AK Parti'de 16 Nisan referandumu sonrası başlatılan değişimin en
kritik aşaması yerel yönetimlerde yaşanıyor.
Kritik diyoruz çünkü seçimlere daha bir buçuk yıl var ve belediye
başkanlarını hukuki gerekçeler dışında ve demokratik süreçler
içinde değiştirmenin ara formülü yok...
Oysa 30 Mart 2014 yerel seçimlerinden bu yana, siyasette çok köklü
değişimler yaşandı. Başbakan değişti, siyasal sistem değişti, ilk
kez yakın tarihimizde bir Cumhurbaşkanı kurucusu olduğu partinin
başına geçti.
Ve en önemlisi Türkiye 15 Temmuz gibi kanlı bir darbe ve işgal
girişimini atlattı. Tüm bunların genel veya yerel siyaseti
etkilememesi mümkün değil. Ayrıca parti tabanında ve toplumda bazı
belediye başkanları için ciddi bir değişim talebi var.

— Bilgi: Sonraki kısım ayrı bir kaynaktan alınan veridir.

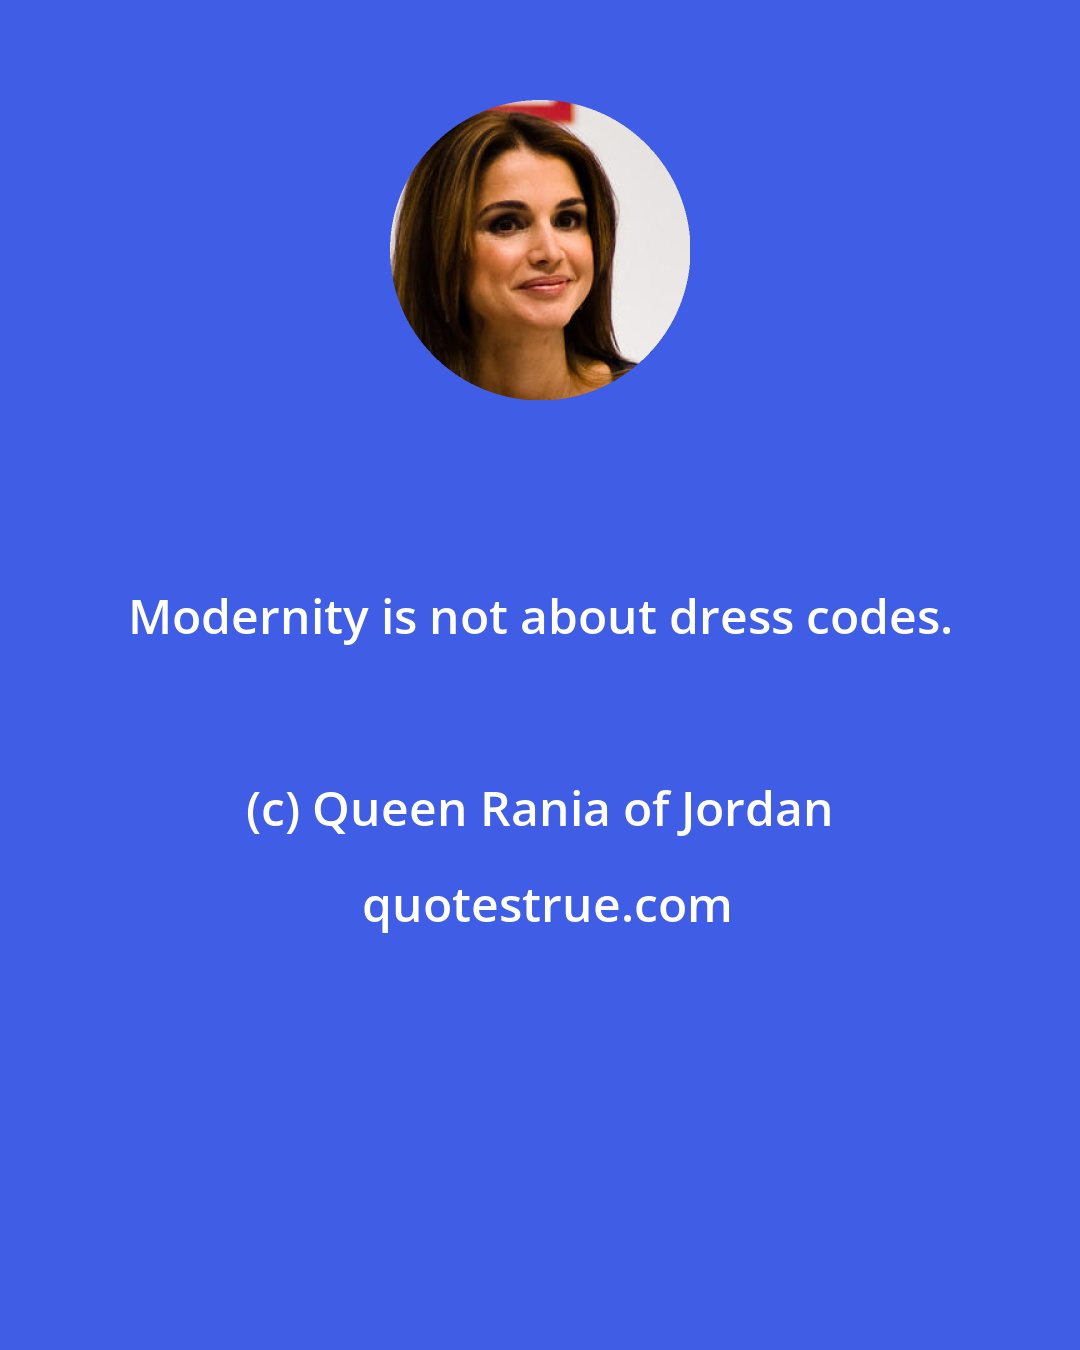 Queen Rania of Jordan: Modernity is not about dress codes.

AK Parti sık sık yaptığı kamuoyu yoklamalarıyla bunu ortaya koydu
ve tek tek belediye başkanlarına bu tabloyu gösterdi.
Bazı illerde ve ilçelerde belediye başkanlarının tutumu nedeniyle
ciddi oy kaybı olduğu hatta başkanların oylarının bazı yerlerde
yüzde 20'lere düştüğü bile görüldü.
Bu sonuçta, toplumla yeterince bağ kuramamaktan FETÖ ile dolaylı
ilişkiye kadar bir dizi faktörün etkisi var. Bu yüzden
Cumhurbaşkanı Erdoğan başından beri, bu değişimin gönüllü yapılması
gerektiğini söyledi. Çok istekli görünmese de ilk adımı Kadir
Topbaş attı. Arkası da Düzce Belediye Başkanı Mehmet Keleş ve Niğde
Belediye Başkan Faruk Akdoğan'ın istifasıyla geldi. Şimdi sırada
Melih Gökçek, Recep Altepe ve Ahmet Edip Uğur var.

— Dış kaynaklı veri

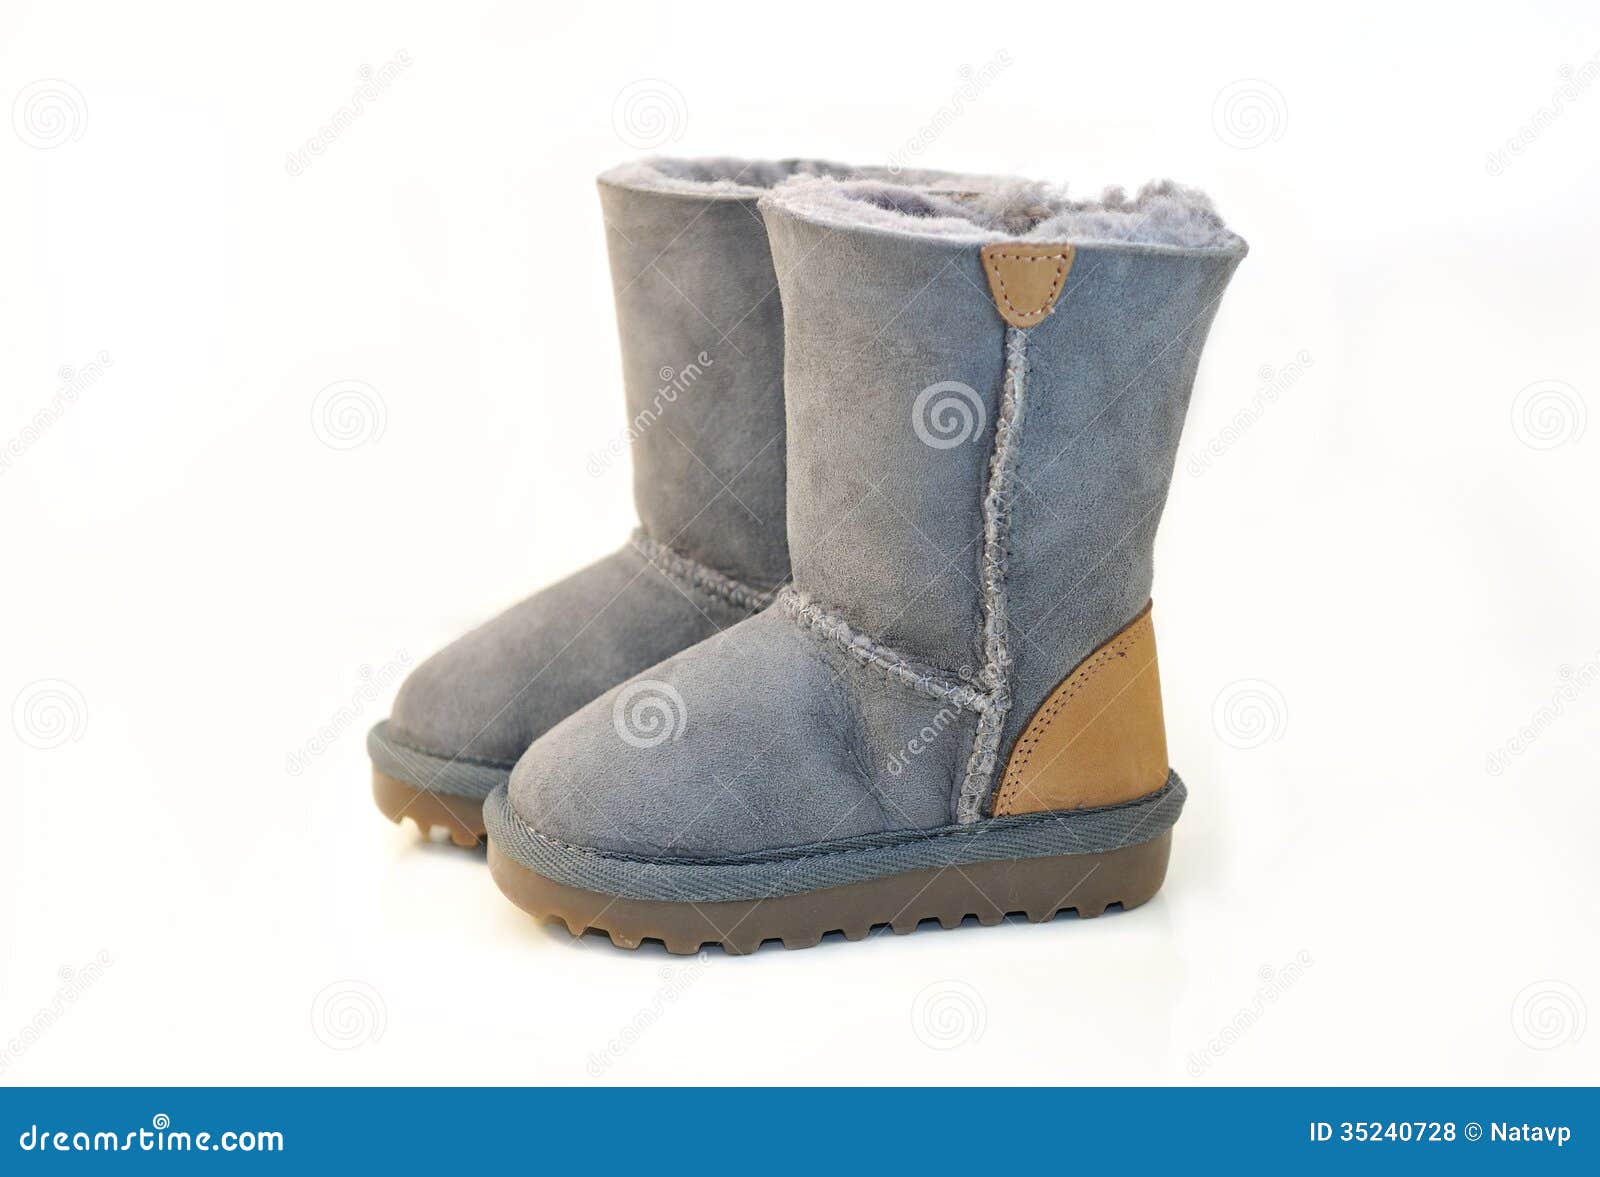 clipart winter boots - photo #35

Bu arada sürprizler de bekleniyor.
Sayı çok fazla olmasa da Ordu, Çorum ve Gaziantep'le birlikte
İstanbul gibi büyük illerdeki birkaç ilçe belediye başkanının da
istifa etmeleri şaşırtıcı olmayacak.
Bu tartışmaların yükseldiği son birkaç günde İstanbul ve
Anadolu'dan çok sayıda belediye başkanı ve il yöneticisiyle
konuştum.
Hava hiç de negatif değil, tam aksine bazı belediye başkanlarının
direnç göstermesi tepki bile çekiyor.
Tecrübeli bir il başkanı şöyle diyor: "Şu gerçeği kabul edelim bazı
belediye başkanlarımızın durumu vahimdi. Yapılan kamuoyu
yoklamalarında yerlerde sürünüyordu.
Onlar üzerinden AK Parti'ye yöneltilen kızgınlık giderek nefrete
dönüşüyordu. Bu gerçeği Cumhurbaşkanı gördü." Bir belediye başkanı
ise istifalara ve direnç meselesine farklı pencereden bakıyor:
"Ben kendimden biliyorum, ilk göreve geldiğimde kimse beni
tanımıyordu.
Tek başıma adaylığımı koysam, kesinlikle seçilemezdim. Ama Tayyip
Bey gelip elimi kaldırdı, 'Ben kefilim' dedi.
O gün 'bana neden kefil oluyorsun' diye sormadım şimdi neden
sorayım..."
AK Parti'nin sessiz sedasız yapmak istediği ama giderek yüksek
sesle tartışılan bu değişim, aslında söylenenlerin tam aksine kaygı
değil, AK Parti tabanında yeni bir motivasyon kaynağı oluyor.
Yerel seçimleri ötelemek
AK Parti tabanı ve çevresi belediye başkanları üzerinden yürütülen
istifa meselesini çoktan aşmış, yeni bir tartışma başlatmış
görünüyor. Birçok belediye başkanı ısrarla Mart 2019'da yapılacak
yerel seçimlerin genel seçimle birleştirilmesini istiyor. Bunun
nedeni de martın yerel seçim açısından en kötü ay olması. Aslında
bu talep yeni değil, insanların kıştan çıkarken bir seçime
gitmesinin çok zor olduğu hep söyleniyor. Ama adım atılmıyor.
Seçimleri erkene almak için anayasa değişikliği gerekirken, ileri
atmak için böyle bir değişikliğe de ihtiyaç yok.
Önümüzdeki günlerde bu tartışma kaçınılmaz olacak.